The same problem would exist if you wanted to make it possible for say, only hunters, to attack animals. (Not saying you'd want to) The code has never allowed a gamestate of the enemy unit to determine attackability for some units and not for others.
Since Size Matters it is even possible to split units so not only production causes high numbers of units
Something isn't quite right about how it's working. It's enabling units to split under conditions that units should've merged to compensate but don't. This is incorrect but I can't find the logic flaw. It shouldn't split any units until 4 units that can merge with each other are on the same tile and thus naturally 3 of them merge and one of them splits. Then, when this process has caused enough 'lesser' size units to co-habitate the same space that they reach again that magical count of 4,3 merge and 1 further splits. Without a merge being legal, a split shouldn't take place.
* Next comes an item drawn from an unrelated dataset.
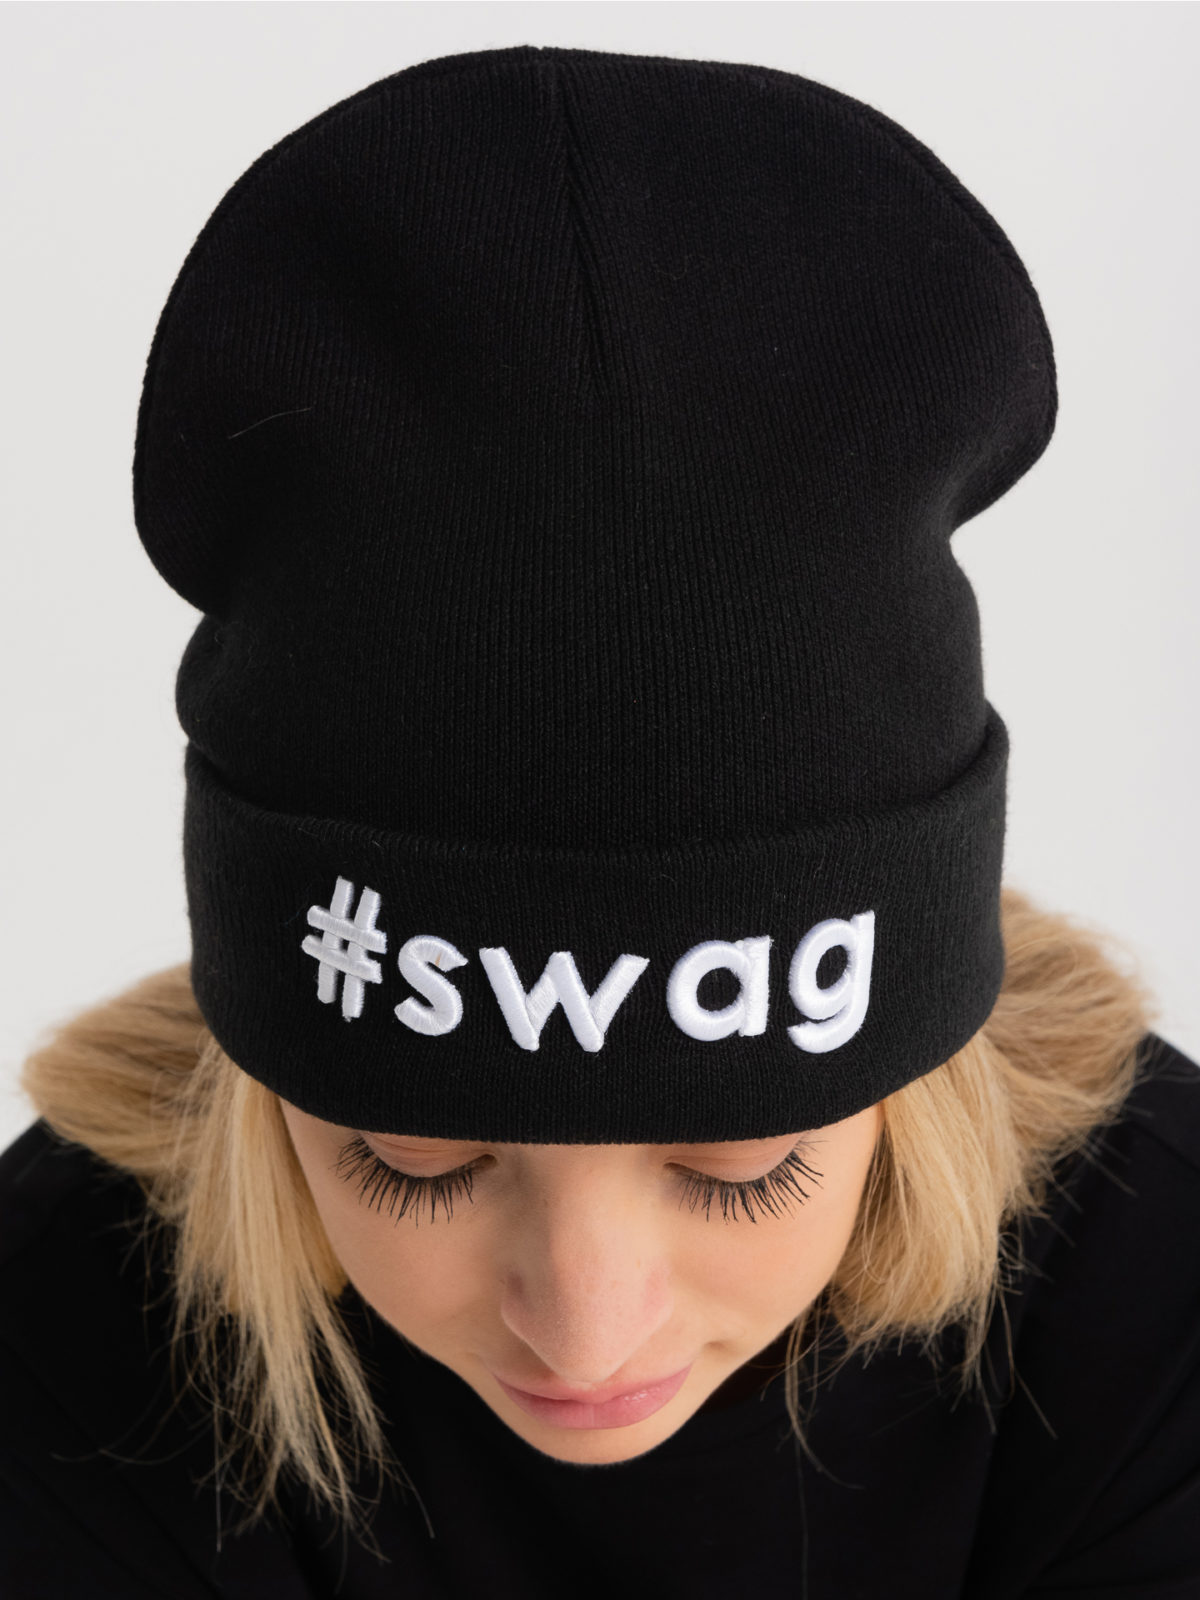 Шапка-лопатка Tag #swag - Черная 2

But if a split is not legal (min size) then a merge should still be able to take place. This was intended to eventually weight a bit towards merging over splitting. 4 units thus should never split into more than 4 units since 3 merge into one and 1 is left to split into 3 making it still 4.
However, there's also the attempt units may make to split to fit onto a transport. I rather figured that once they were dropped off the above method would stratify them towards a greater amount of merged units again.
But something's not quite working about all that and sometimes you see huge amounts of split units. This shouldn't even be possible for so many split units to be on the same tile without merging as soon as they can. I don't know what's not working right there... maybe you can spot it.
This was intended to be a base rule for the AI from which some more advanced splitting and merging might take place to react to or plan for a situation for specific unit types, more often this would mean merging than splitting.
I wonder if assigning to units the basic chart base values as was redetermined in the modder's documentation recently would help to balance unit production. And then again, the AI shouldn't WANT to build such amazingly large stacks either. it's simply bad strategy to be that over the top because at a point it gets economically impacting and if they were to have that many units, it should be in more large stacks rather than less gargantuan stacks, some being held back as reinforcements or sent towards other targets to split enemy focus. It's also a bad strategy since there's nukes and so much that can quickly tear down the whole stack on one specific tile.
aka, stack limits are a poor bandaid for what's basically AI and game balance flaws.